## DATA SHOWN

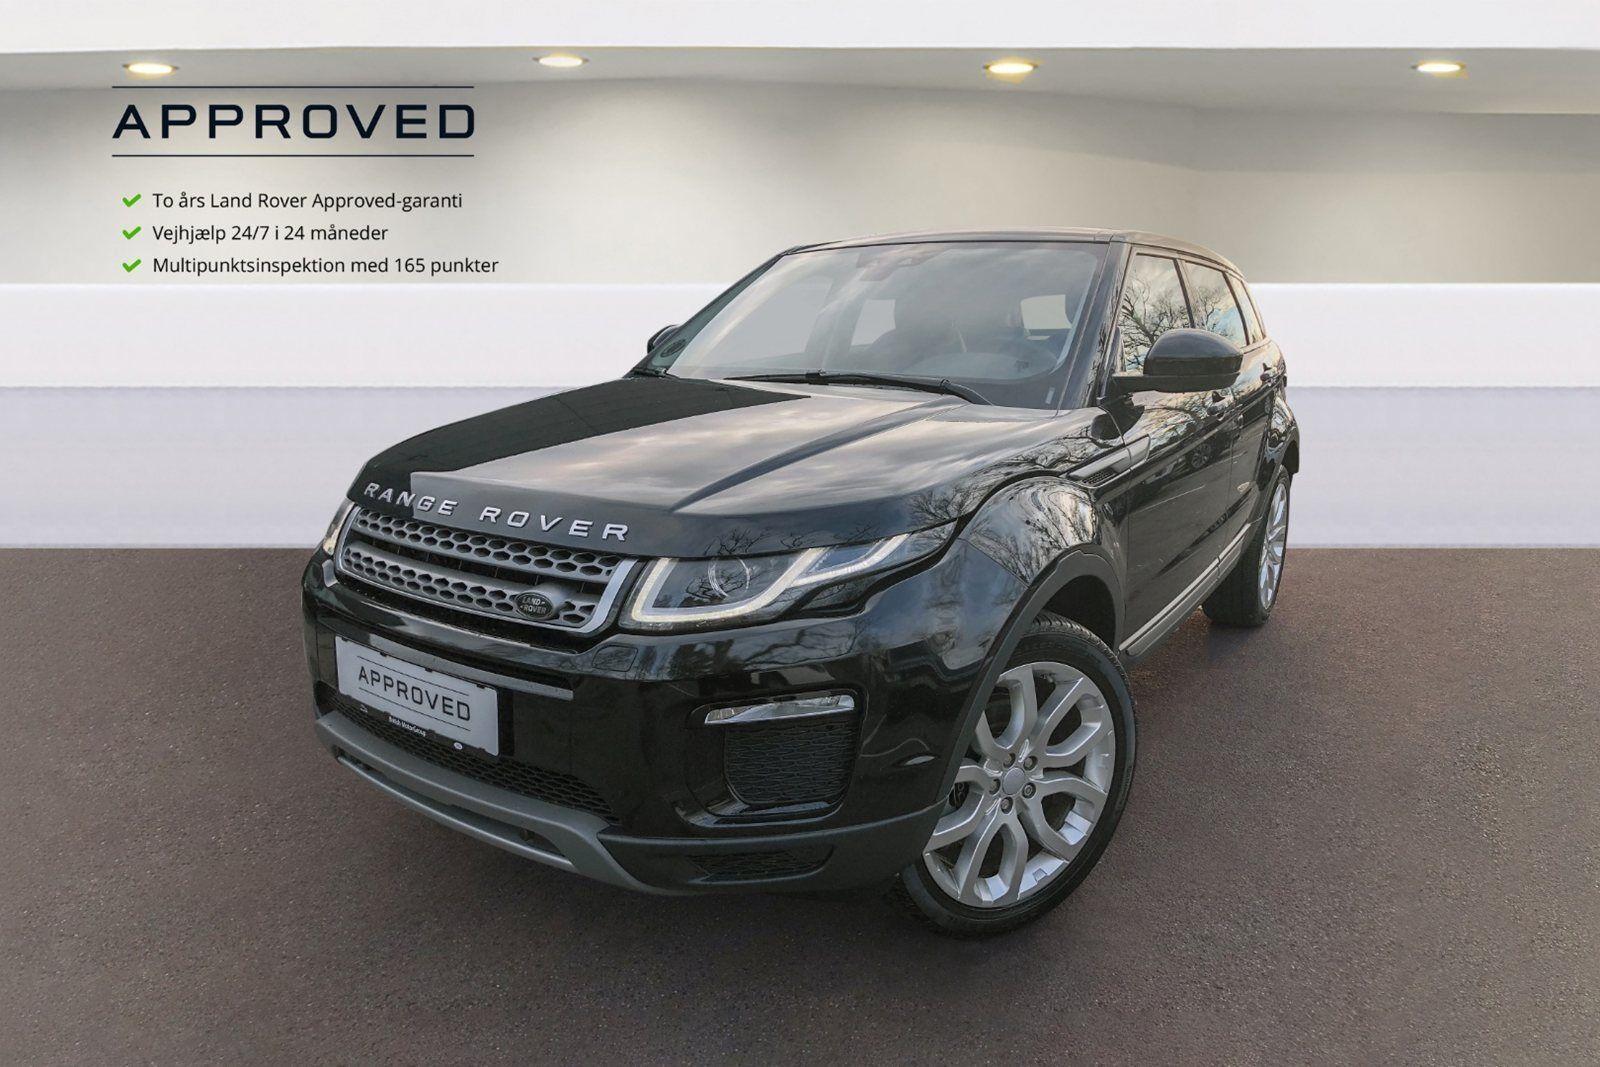 Land Rover Range Rover Evoque 2,0 TD4 150 SE aut. 5d - 599.980 kr.
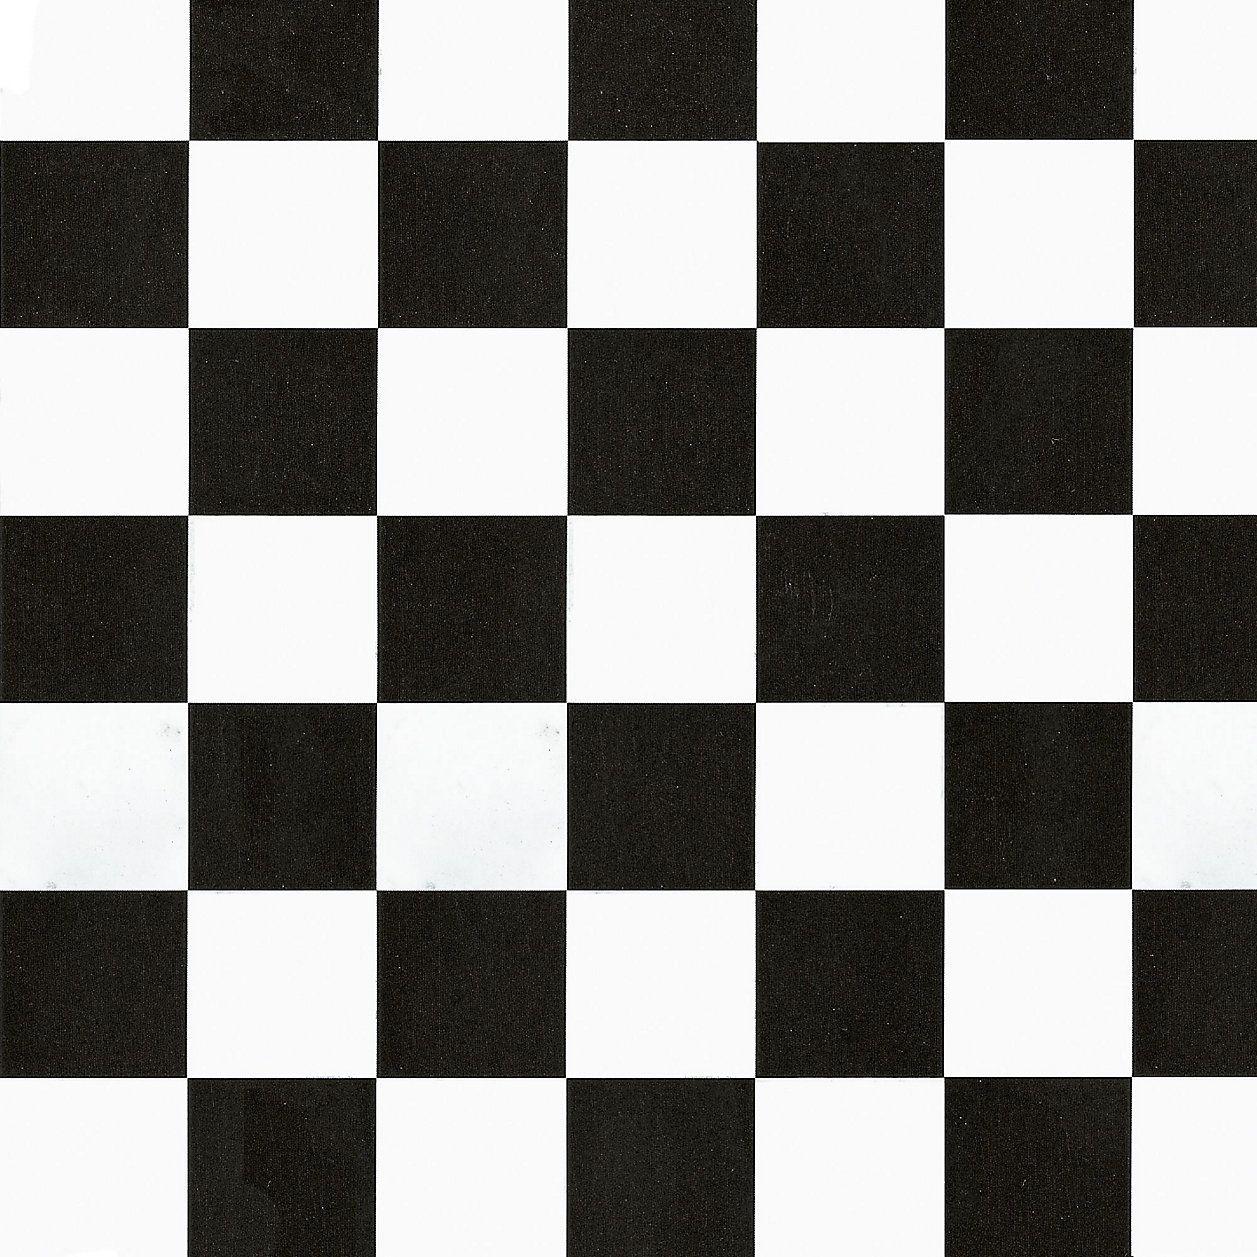 D C Fix Checkerboard Black White Self Adhesive Film L 2m W 450mm In 2020 Checkerboard Checkerboard Pattern Diy Store
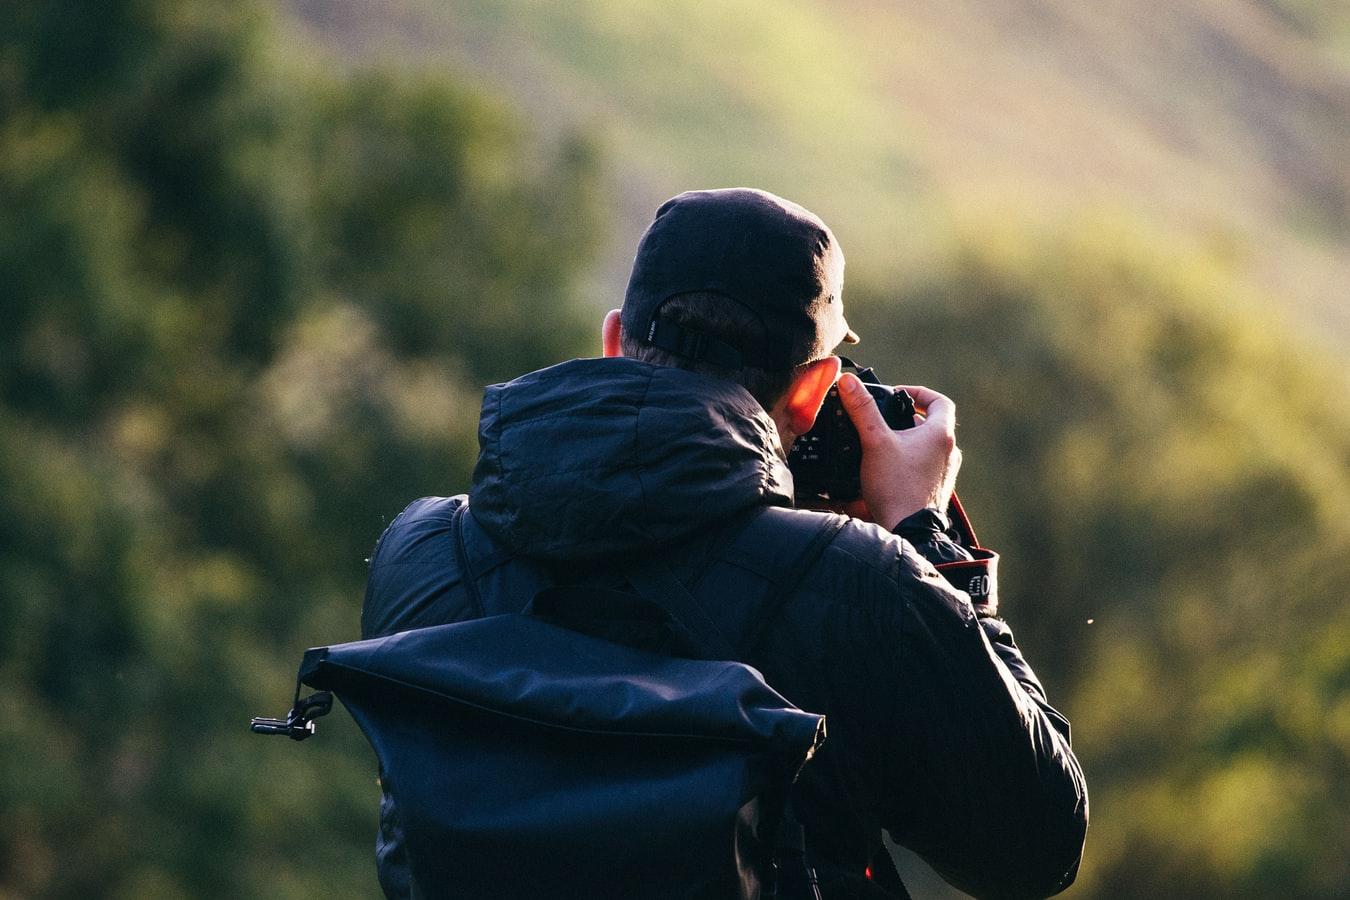 How to Take Epic Travel Photos Main

## ASSIGNMENT
The exact lines from the one containing "D C Fix Checkerboard" through the end of the data are to be copied, with both ends kept and pictures left out.

## EXERCISE SOLUTION
 D C Fix Checkerboard Black White Self Adhesive Film L 2m W 450mm In 2020 Checkerboard Checkerboard Pattern Diy Store
 How to Take Epic Travel Photos Main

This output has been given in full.